In short, our article reflects two major purposes, one conceptual and one empirical. First, we aimed to develop a better conceptual vantage point to analyse the potential problem-solving contributions of different non-state actors and institutions (including a critical perspective on the normative implications of such a development). In light of a growing complexity of global climate policy, we believe that an expansion of our analytical toolkit is both necessary and rewarding. We argue that next to the international arena of global climate governance consisting of states and public agencies, there is an increasingly institutionalized arena of transnational global climate governance. What is missing to date is a detailed assessment of agency beyond the state in regard to the institutional arrangements different actors create and sustain in order to address the problem of climate change and the resulting overarching architecture of climate governance. Consequently, as our second purpose, we attempt to provide an up-to-date empirical account of the burgeoning field of transnational climate governance and a critical assessment of its problem-solving capacity.

With regard to the former objective, we have provided a broader perspective on global climate governance that takes into account public, hybrid and private sources of authority. We have provided an overview of central empirical developments in the field, with a focus on those that are still linked to the international arena (e.g. the partnerships that have emerged from the 2002 Johannesburg Summit) and those that operate in greater distance from the established field of international politics, such as the carbon neutrality approach.

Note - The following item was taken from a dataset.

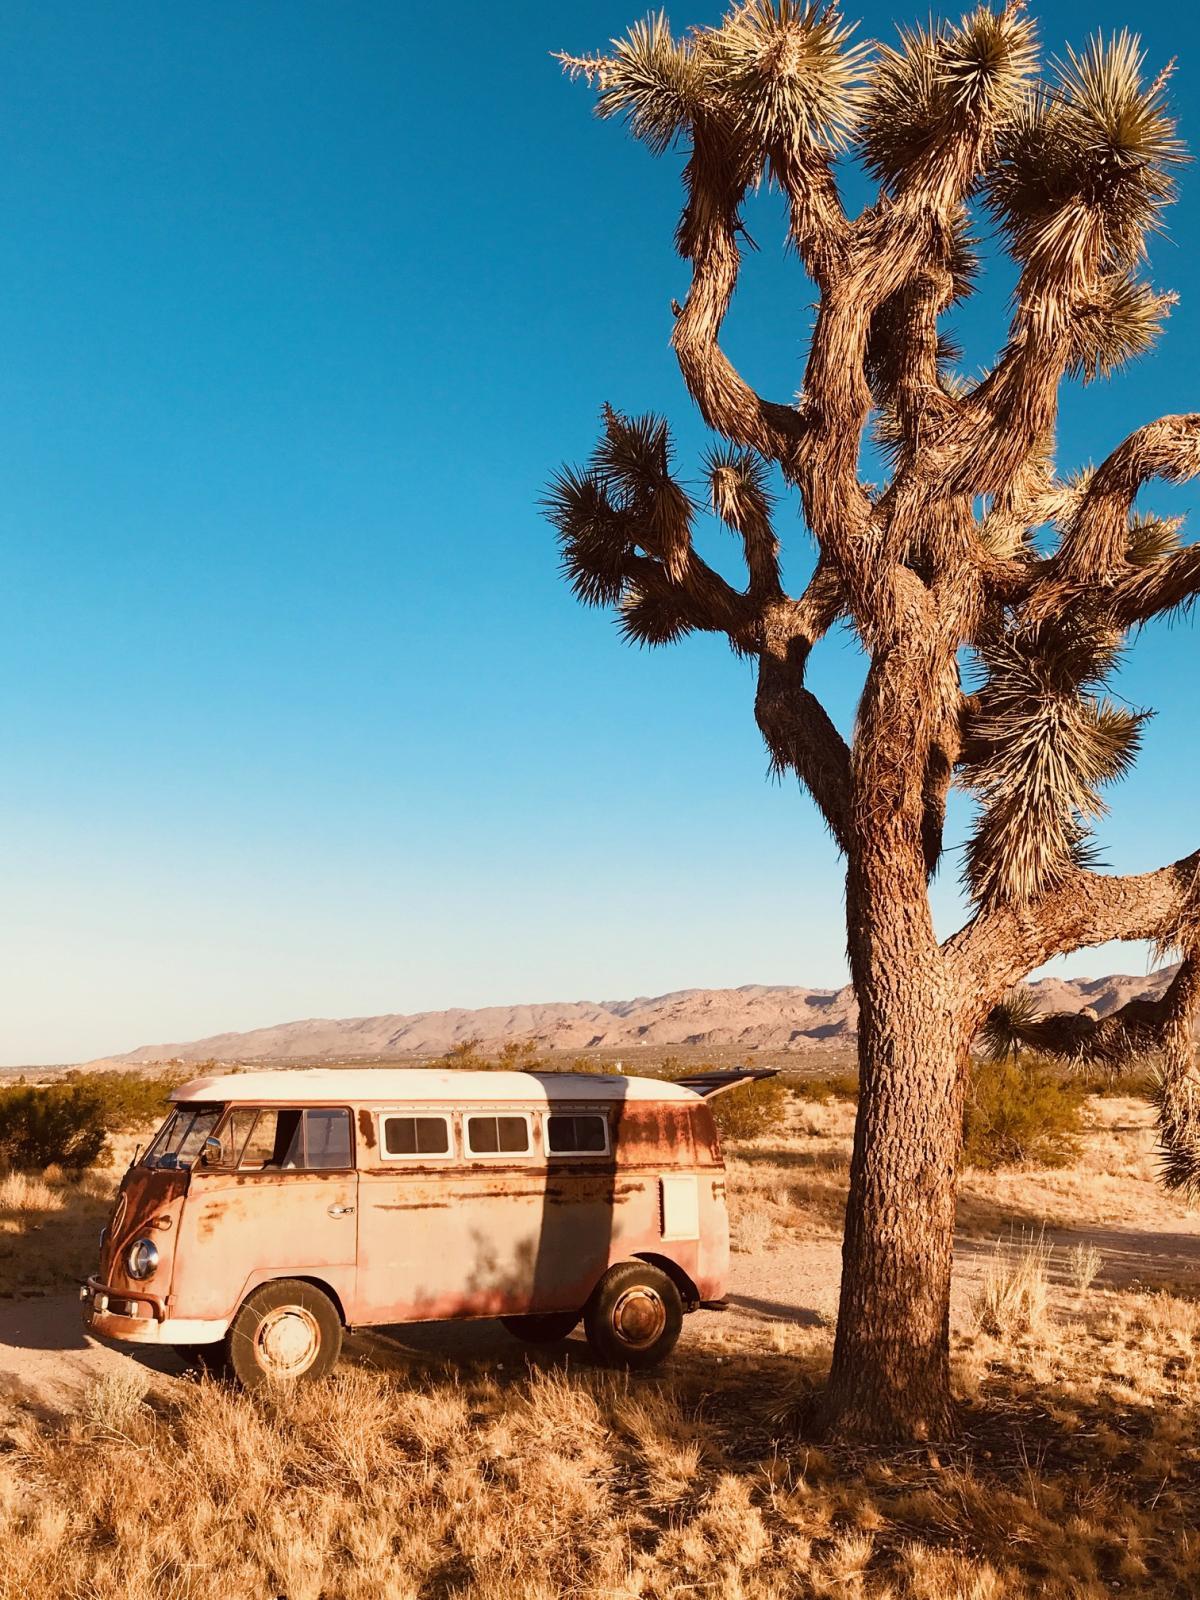 1960 Desert Bus Walkthrough WT Panel SWR Original Paint Joshua Tree California Off Road Dirt Type 4 Big Nut Golden Hour Solitude Summer

In sum, our empirical analysis has highlighted some important aspects: first, transnational approaches towards global climate change governance might increase the transparency of the system, for example through initiatives like the Carbon Disclosure Project. Second, transnational approaches provide a clear signal to the political system of national governments and international organizations that climate change features high on the global agenda. Third, public–private partnerships, such as the WSSD partnerships and the CDM, have displayed rather mixed results. And finally, Carbon Neutrality emerges as novel discourse in global climate governance that potentially shifts the agency from public actors such as states to individuals.

Concluding from our empirical analysis, we want to bring forward some preliminary critical observations. First, the frequent interlinkages within the transnational arena (e.g. between CSR initiatives and carbon neutrality) and beyond (e.g. the link between carbon neutrality and the carbon market) make the overall system more complex. This offers more possibilities for issues-linkages and strategic bargains among actors (both governments and non-state actors), but at the same time increases the need for coordination among a growing number of agents in global climate governance. It remains to been seen how higher degrees of coordination can be achieved in the absence of a centralized structure of authority and before norms, rules and procedures are established and recognized by a large part of the relevant actors. As a result, we need to further our knowledge about the systemic interaction between the international and transnational global climate arena and the possibility for effective and equitable governance, taking into account a growing number of agents in a multiplicity of institutional contexts. Second, as there is currently neither an overall account of the mitigation commitments brought forward by a host of private actors nor a trustworthy verification system for those commitments, the effectiveness of transnational climate mitigation instruments remains to be assessed. However, we believe that our remapping exercise presented in this article can be a useful starting point for future research on the role and relevance of transnational approaches to the global climate crisis.